00:00:22 That is not a typo. ARC Prize is the puzzle-solving benchmark where the task is to discover and apply abstract patterns. A year ago, you'd expect that to require a very large model with very long context and substantial compute. Instead, this tiny model uses recursive reasoning — essentially, the model builds a reasoning process about its own thinking — and punches way above its weight class.
00:00:48 I watched the YC Decoded segment because the headline alone felt too good to be true. But the more I read, the more I thought it was the right kind of good. This isn't some edge-case benchmark where the model wins because it saw the test data during training. ARC Prize is specifically designed to measure general intelligence, not memorization.
00:01:11 A 7M parameter model beating models a thousand times its size on a general intelligence test is a signal worth paying attention to. The mechanism is recursive reasoning. The papers discussed explore hierarchical and temporal approaches where the model doesn't just generate a response.
00:01:30 It generates a process for thinking about the response. It's the difference between asking a junior engineer to write code and asking them to write code review notes, then rewrite based on their own critique.
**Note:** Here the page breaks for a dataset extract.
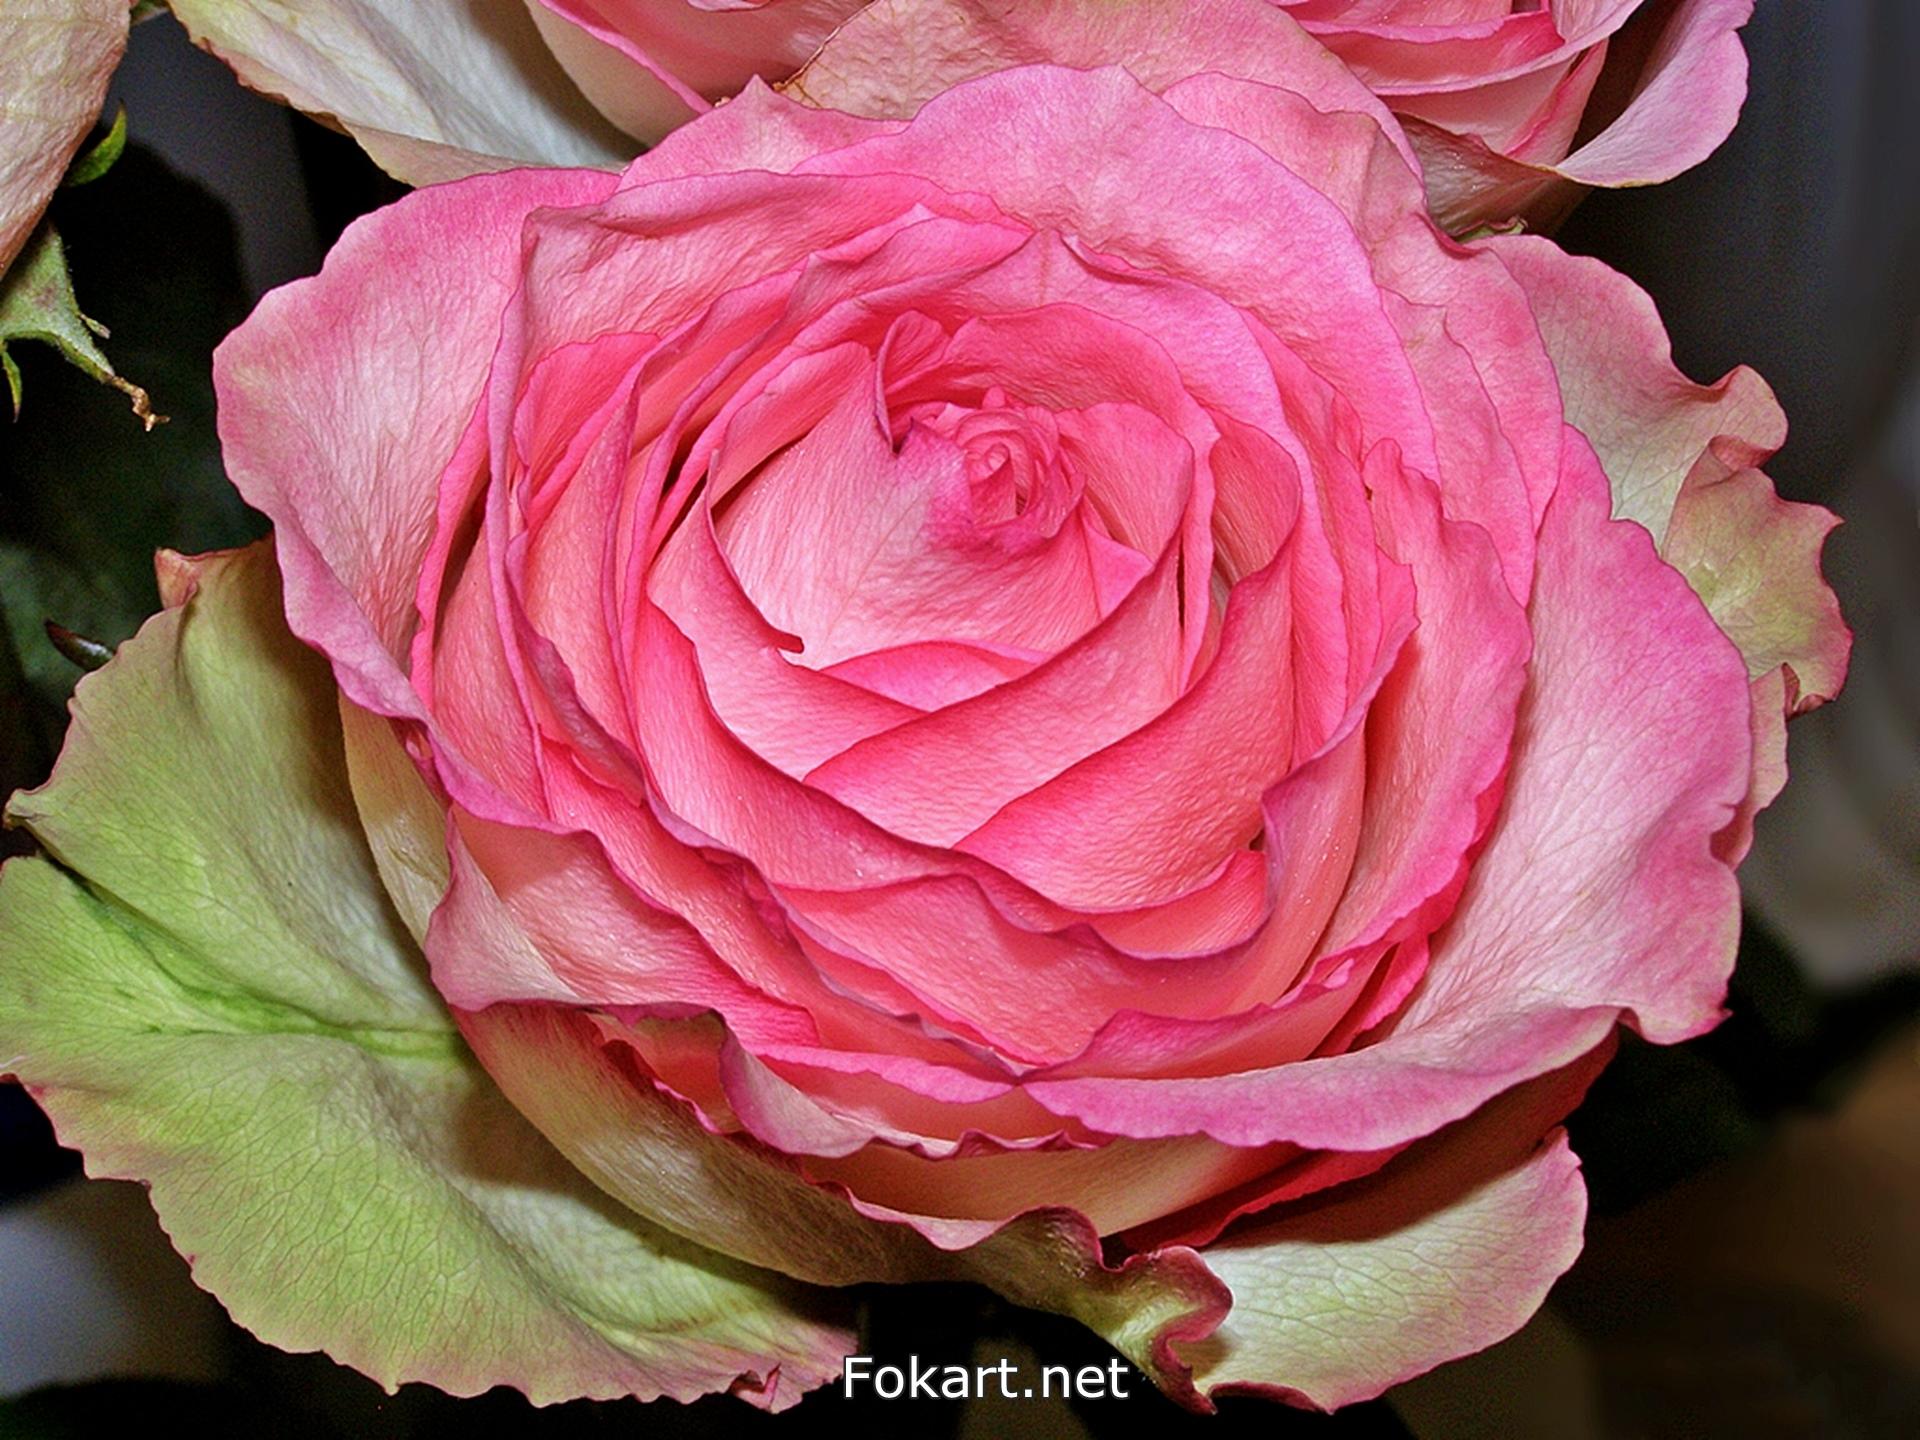 Розовая роза с зеленоватыми крайними лепестками

The extra step costs more time per token, but it changes the quality trajectory.
00:01:49 What's interesting about this for builders is the implication for long-horizon agent workflows. Right now, most people who want to run agents on complex tasks are reaching for the biggest model they can afford. You open a multi-step task, you route it through Opus or GPT-5.5 Pro, you accept the latency and the cost.
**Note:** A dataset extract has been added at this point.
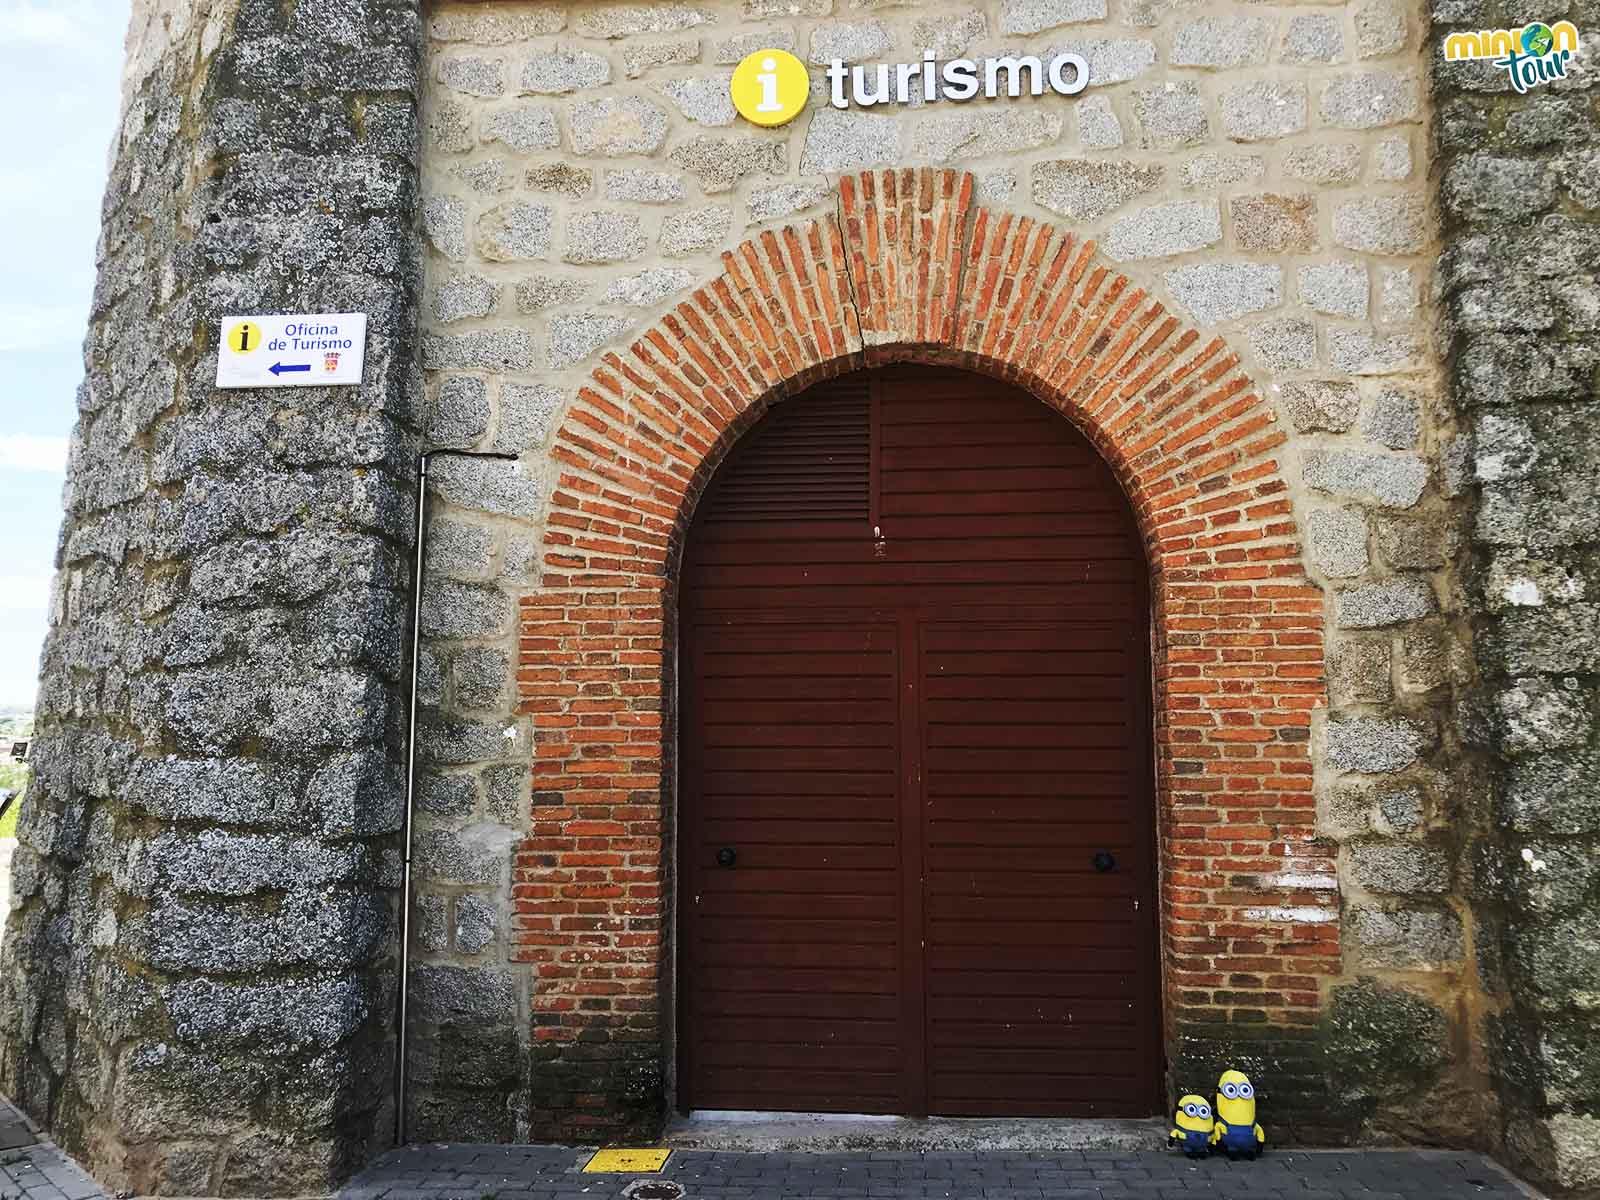 Oficina de Turismo de Escalona en la Torre del Agua

00:02:10 But if recursive reasoning lets a 7M model do work that should require billions, then there's a class of problems where the optimal architecture isn't the biggest model. It's the smallest model, applied recursively, with the right control flow. That's the kind of insight that changes your budget planning.
00:02:30 If a tiny model can do the reasoning-intensive parts of your pipeline through recursion, and a bigger model only handles the final synthesis, you're looking at a fundamentally different cost structure. I'd want to see more benchmarking before I'd rewrite my stack, but the direction is clear.
00:02:50 Size isn't the only dimension that matters. There's one question I have: are these papers showing a fundamental capability of recursive models, or are they showing that ARC Prize is particularly well-suited to small models with recursive reasoning? François Charton is one of the original ARC Prize researchers, so the test itself may not be the neutral ground here.
00:03:14 Either way, the result is worth tracking because it's asking a different question than most of the field is asking right now. The question isn't what's the biggest model. It's what's the most efficient model for the task. Size isn't the only dimension, which brings us to a different kind of capability test.
o1 Against Physicians
00:03:35 A peer-reviewed paper published in Science this week tested o1 against actual human physicians on clinical reasoning tasks — both benchmarks and real ER cases — and found that the model outperformed both human physicians and older models across a variety of scenarios and applications.
00:03:54 The paper's authors call for an urgent need for prospective trials. This is on o1. Which means the gap between what a model can do on structured clinical reasoning and what a trained physician can do on the same structured tasks is closing, possibly closed, depending on the benchmark.
00:04:13 The study tested reasoning tasks specifically — the kind of analytical work that's at the heart of clinical diagnosis, differential reasoning, and treatment planning. I'm reading this cautiously for a few reasons. First, it's o1, which is a reasoning model. It was specifically trained to be good at multi-step analytical tasks.
00:04:35 Of course it does well on analytical clinical reasoning tasks. Second, the paper describes benchmarks and ER cases, which means the test environment isn't the full clinical workflow. It's not asking the model to talk to patients, to handle ambiguity, or to manage uncertainty in the way a good physician does.
00:04:56 It's asking the model to reason through clinical data. That's a specific slice of clinical work. But the slice matters. Clinical reasoning is one of the most structured, well-documented, and benchmarkable parts of medicine. And if an LLM can beat physicians on that slice, the implications for clinical decision support are substantial.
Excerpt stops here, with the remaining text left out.